When I was a kid, Monopoly was the family game. My brother Paul and I were lucky — our parents actually played board games with us. Later in life, Scrabble became our go-to, as Paul wrote about in his blog. But when we were young, Monopoly ruled the table. And I hated every roll of it.


Family game night was supposed to be fun, but for me, it was an uphill climb. Everyone else was older. I knew the basic rule — buy early, build quickly, crush your opponents — but something always went wrong. I’d land on the wrong properties, roll low numbers, or worse, have to hand over whatever little I owned. Paul, two and a half years older and armed with the mischievous instincts of an older brother, never missed a chance to make it sting.


And yet, I loved the hat. Always the hat. It had style, a little quiet dignity — maybe that was my protest.


But the game itself? Pure torture. The board filled with houses, then hotels — red and green reminders that I was losing ground fast. My mom would kindly help me mortgage my few sad properties. “Look, honey,” she’d say when taking them out of my hand, “if we do this, you can pay your brother.” Pay my brother. Perfect.

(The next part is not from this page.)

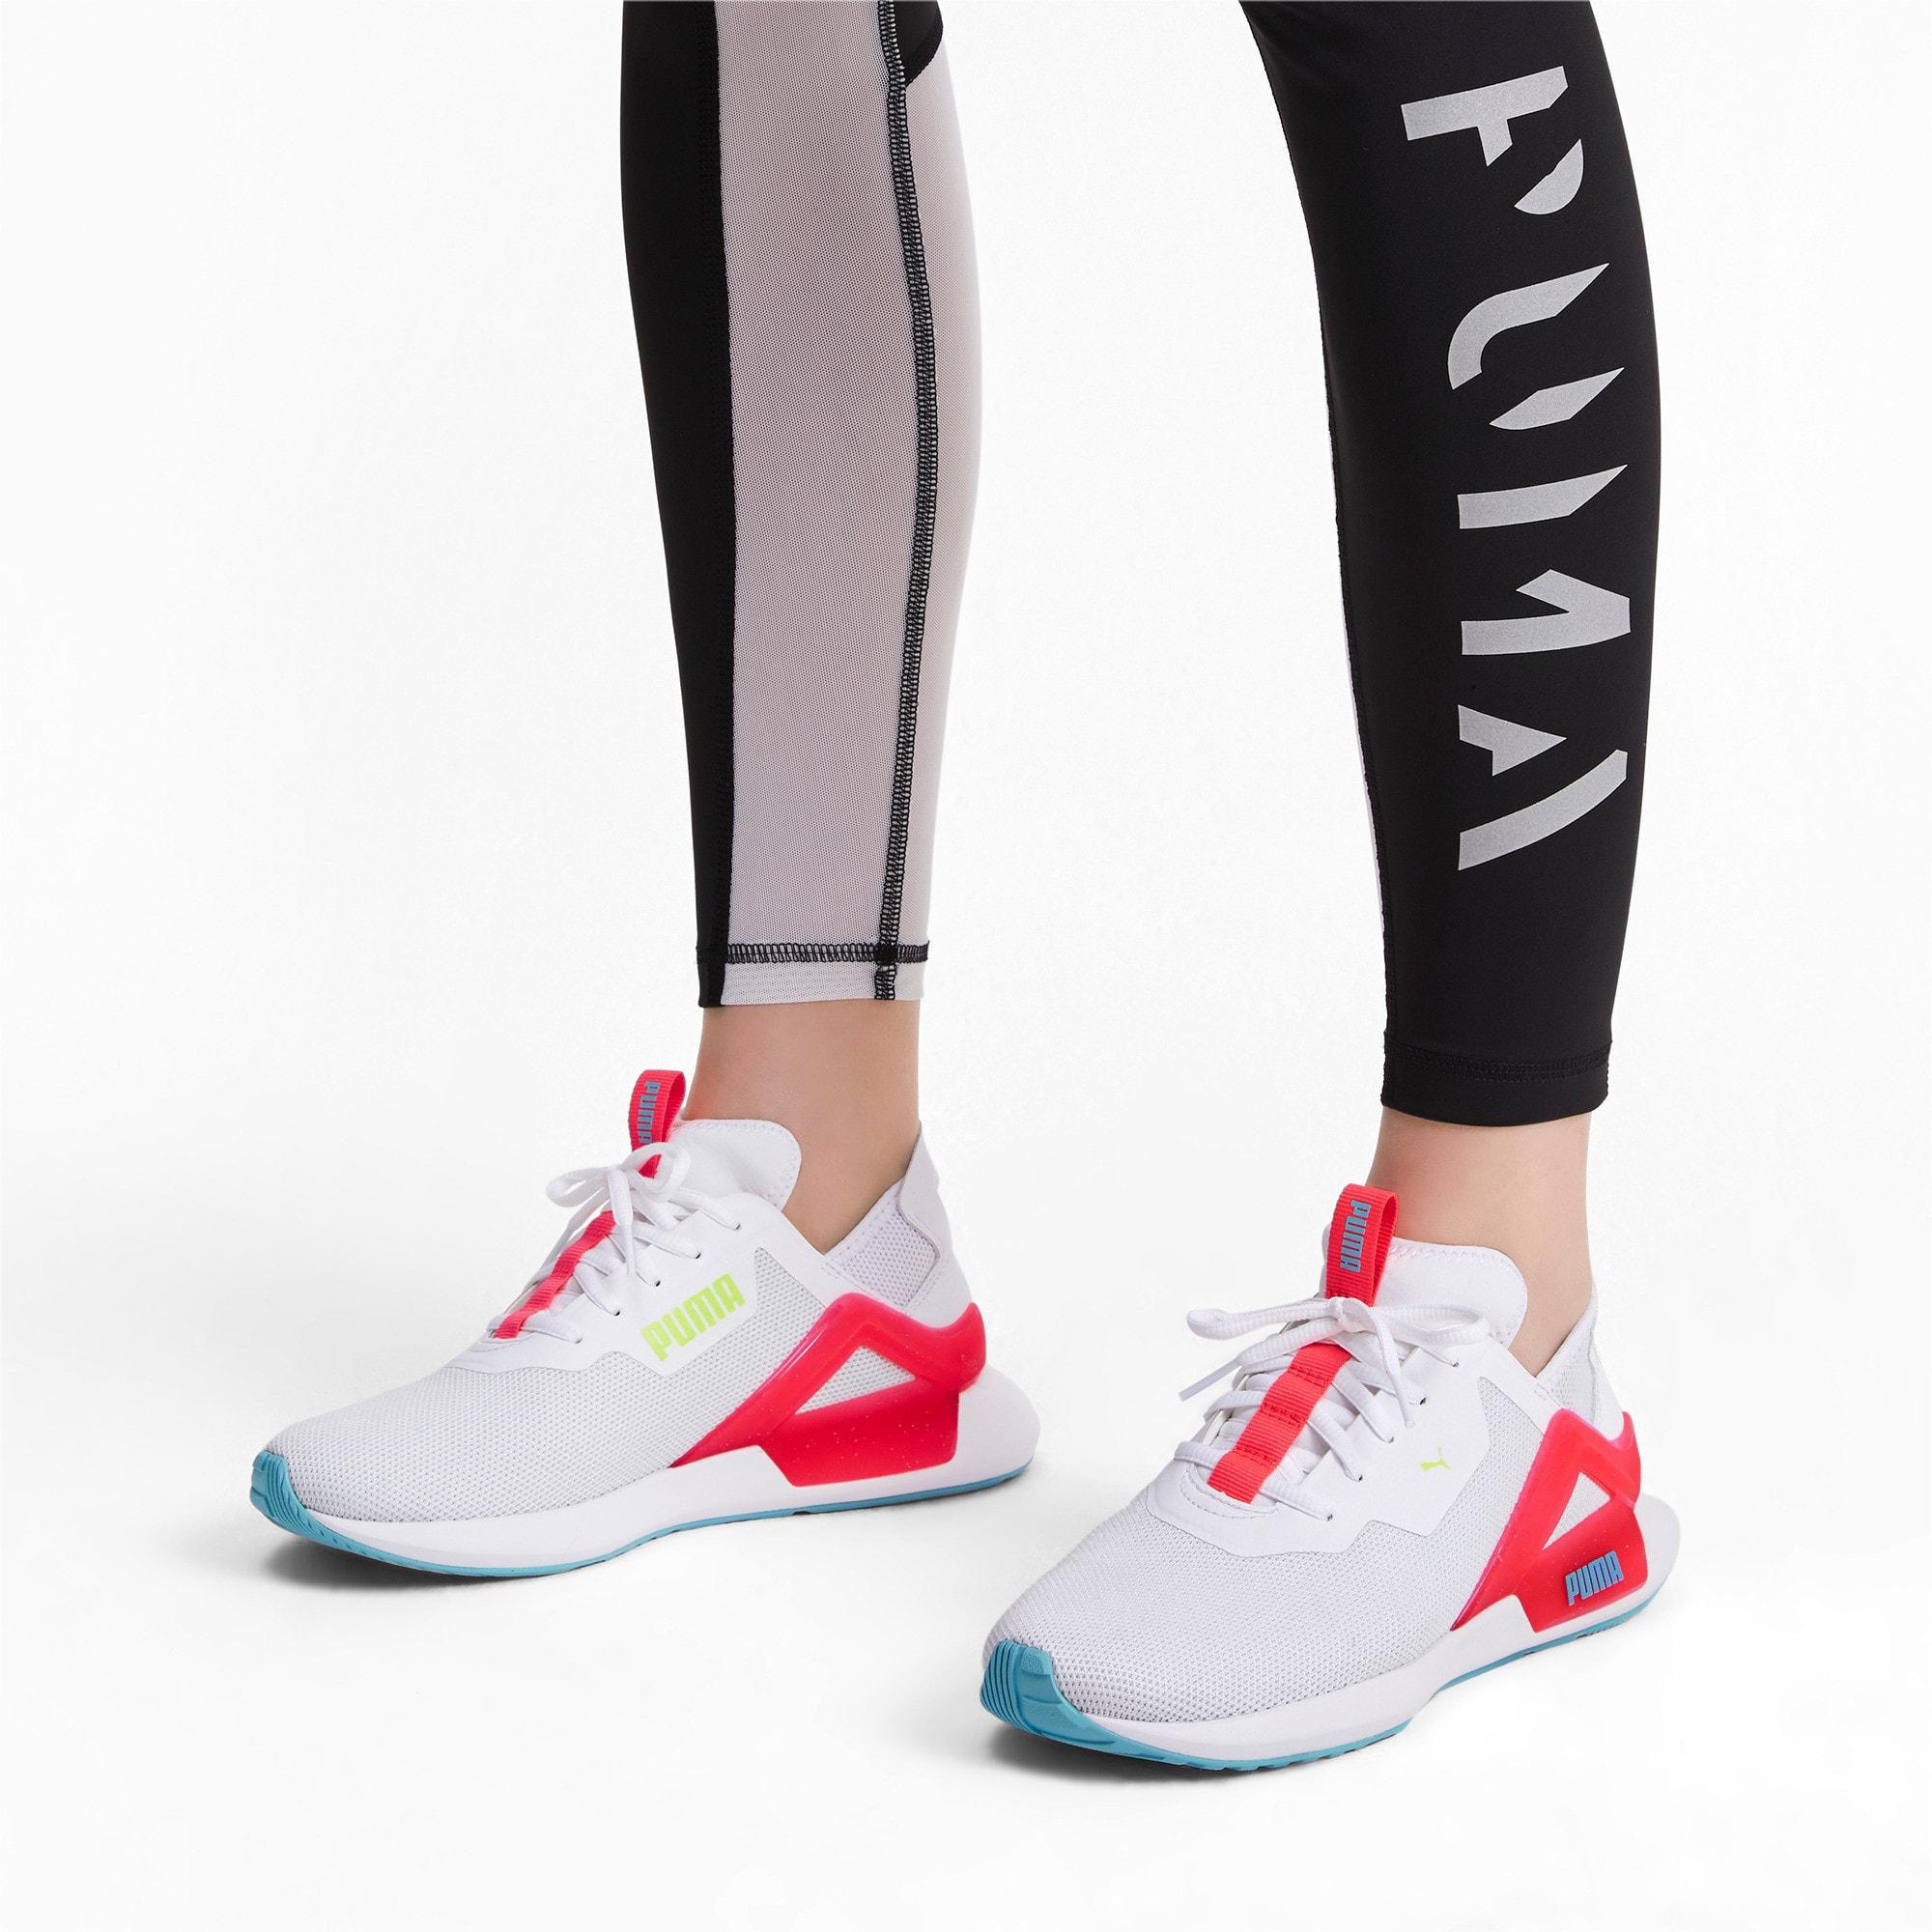 Thumbnail 2 of Rogue X Knit Women's Running Shoes, Puma White-Pink Alert, medium-IND
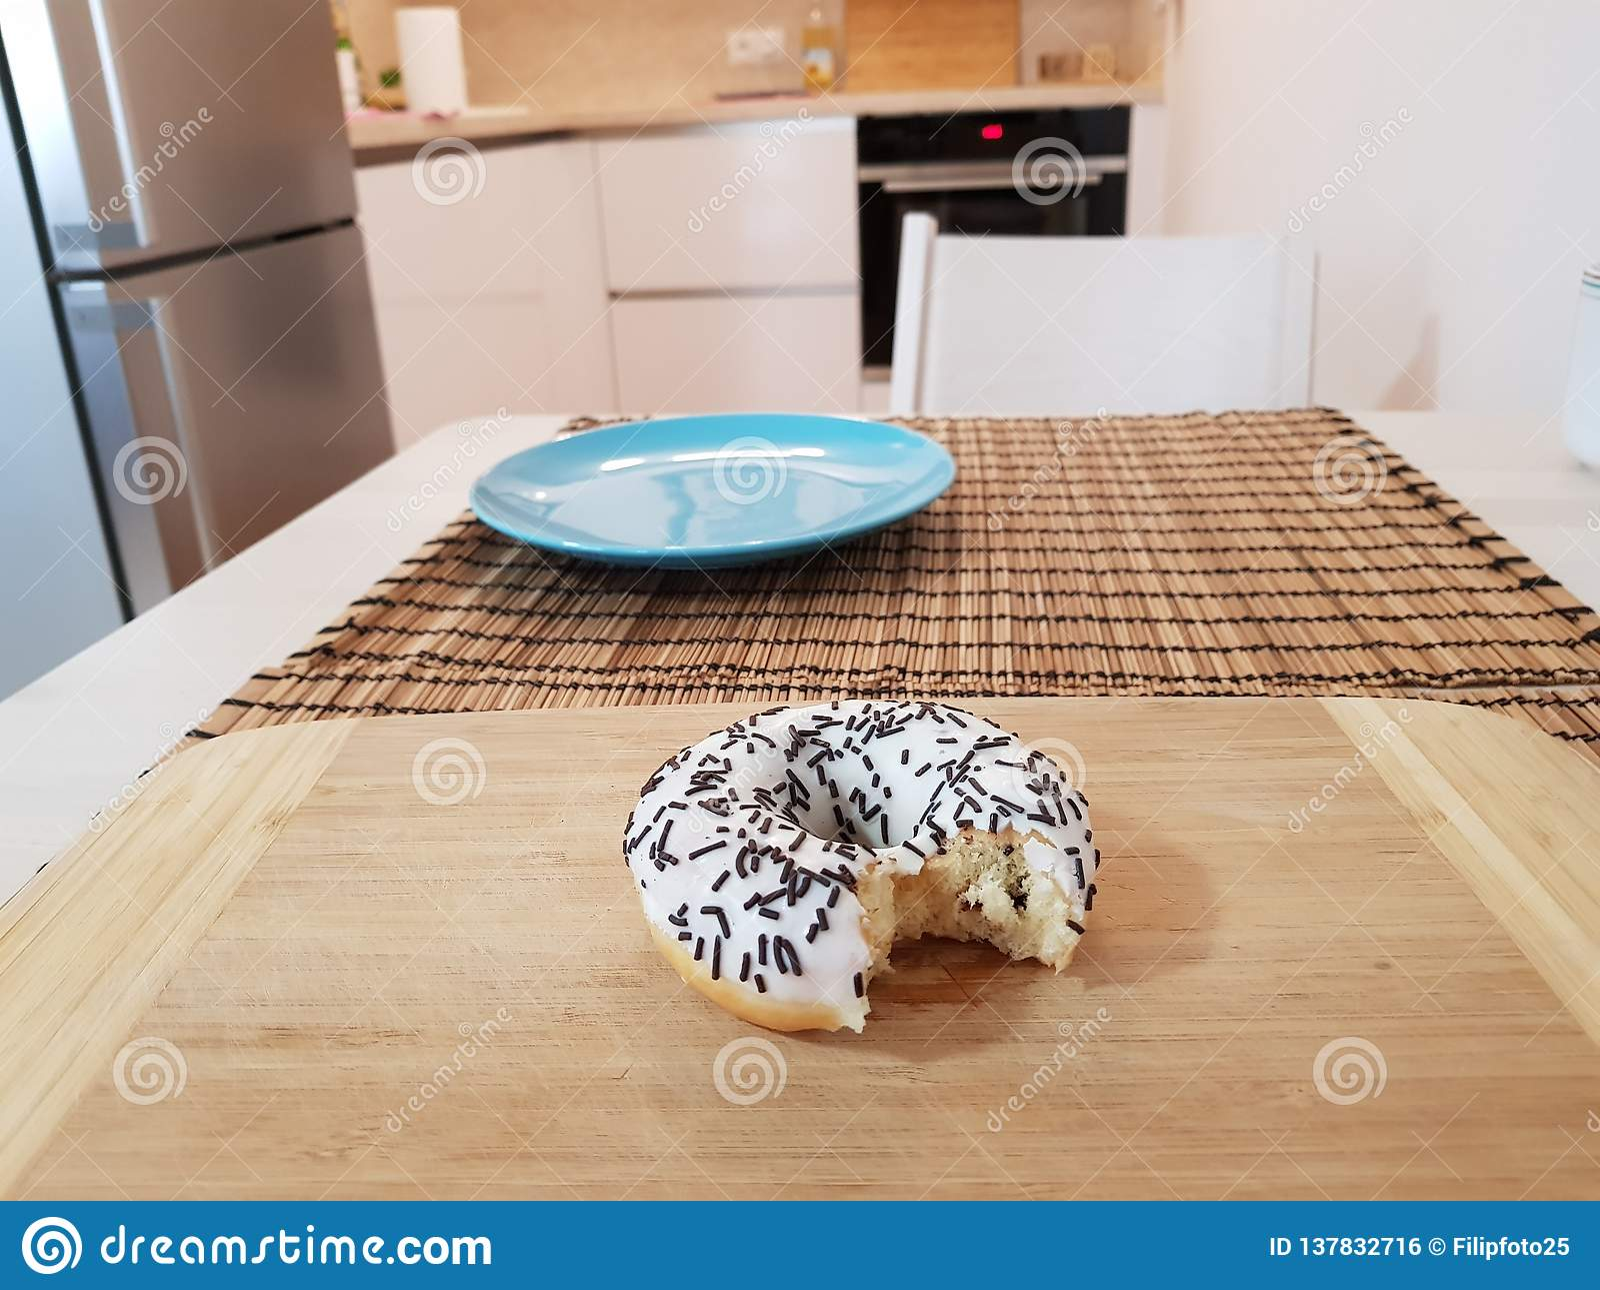 Eat The Donut Stock Photo Image Of Missing Cake Wood 137832716

Then came the final blow — Boardwalk and Park Place. Nobody else ever landed on them. Only me. Every single time. I could see it coming before the dice even stopped rolling. I’d count the spaces, know what was next, and still feel the punch when it happened.


At one family game night I started crying when I hit Boardwark. In one glorious, dramatic burst of frustration, I slid my hands under the board and flipped the whole thing into the air — pieces, hotels, money, everything. My parents were not thrilled. I stomped off down the hall, gasping and hyperventilating, to the bedroom and slammed the door behind me.


Standing there and trying to calm down, I suddenly realized I was NOT in my bedroom. Trying to straightened myself up I opened the door and muttered “Wrong room!,” and stomped to my real one. The game went on without me as best they could with piecing it together. I never played Monopoly again.


Years later, when my kids were old enough, I gave it another shot. I tried to tell myself it was just a game. But that familiar unease crept in — that sense that no matter how smart you played, fate could still send you crashing. Some feelings just stay with you.


Our family plays other games now — Scrabble, Ticket to Ride, Catan — and those, I love. They’re about thought and connection, not luck and loss. They bring laughter, conversation, and comfort. Monopoly still makes my stomach tighten, but maybe that’s okay. Maybe we’re all wired to have a few things that still get to us.


I think about that boy — sitting cross-legged, hat token in hand, doing his best to hang in there while the odds stacked up against him. I’ve spent a lifetime trying to make sense of things like that — building, creating, designing systems that bring order to chaos. Maybe that’s my version of rewriting the rules.


Because life, as I’ve learned, isn’t about who owns Boardwalk or who ends up broke. It’s about who’s still at the table with you — your family, your people, your sharks — rolling the dice together, laughing through the bad rounds, and finding joy in the little things.